HiveQL is fairly similar to standard SQL, supporting select/where/order-by/join and other traditional relational operations.

Hive is mostly known for running SQL-like queries on data in static files, whether in plain comma-separated-values format or more complex formats such as ORCFile. However it has a generic “Storage Handler” plugin API which allows it to use other data-sources, and an implementation exists for HBase. Some more information on Hive itself is available here.

When querying data in HBase via Hive, Hive compiles the query into a suitable Spark/Tez/MapReduce job which is then executed on a local cluster. These jobs then connect back to HBase over the network, performing GET/SCAN requests as usual. As SQL-like langages require information about the type of data in each column, the “schema” of each HBase table must be declared in Hive. See the official docs for more information on using hive-over-hbase.
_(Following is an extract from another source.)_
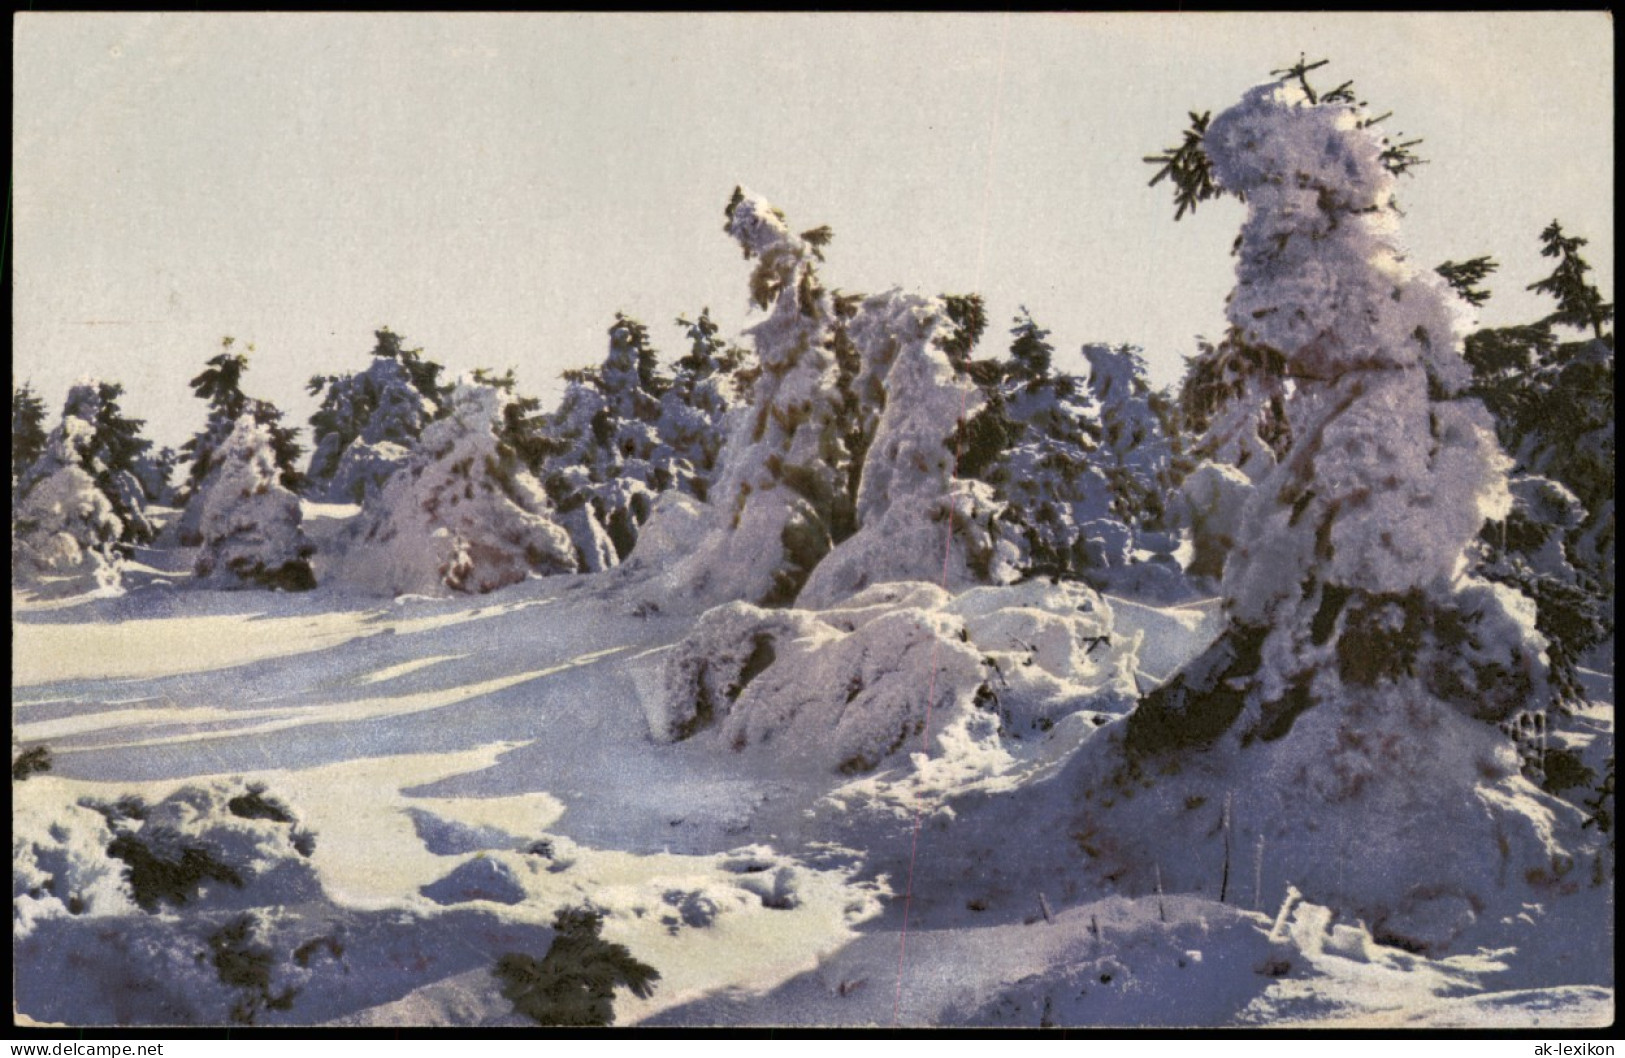 Ansichtskarte  Am Keilberg, Verschneite Tannen, Winter Stimmungsbild 1910 - Unclassified

The documentation for the Hive/HBase integration feature is currently poor, and it is not clear exactly what is going on. The documentation mentions the following classes; as far as I can tell, their roles are:

  • class org.apache.hadoop.hbase.mapreduce.TableInputFormatBase maps API calls to network-based GET/SCAN operations
  • class org.apache.hadoop.hbase.mapreduce.TableOutputFormat maps API calls to network-based PUT/DELETE operations
  • classes HiveBHaseTableInputFormat and HiveHBaseTableOutputFormat wrap the two classes above for use in Hive
  • and class HBaseStorageHandler wraps the above two classes.

The Hive/HBase integration classes use region-server information to determine where the data to process is, and then try to locate the processing logic near to the relevant HRegionServer instances (ie are “location aware”). This can make a significant difference for queries that perform significant logic on the data, eg aggregation or sorting operations.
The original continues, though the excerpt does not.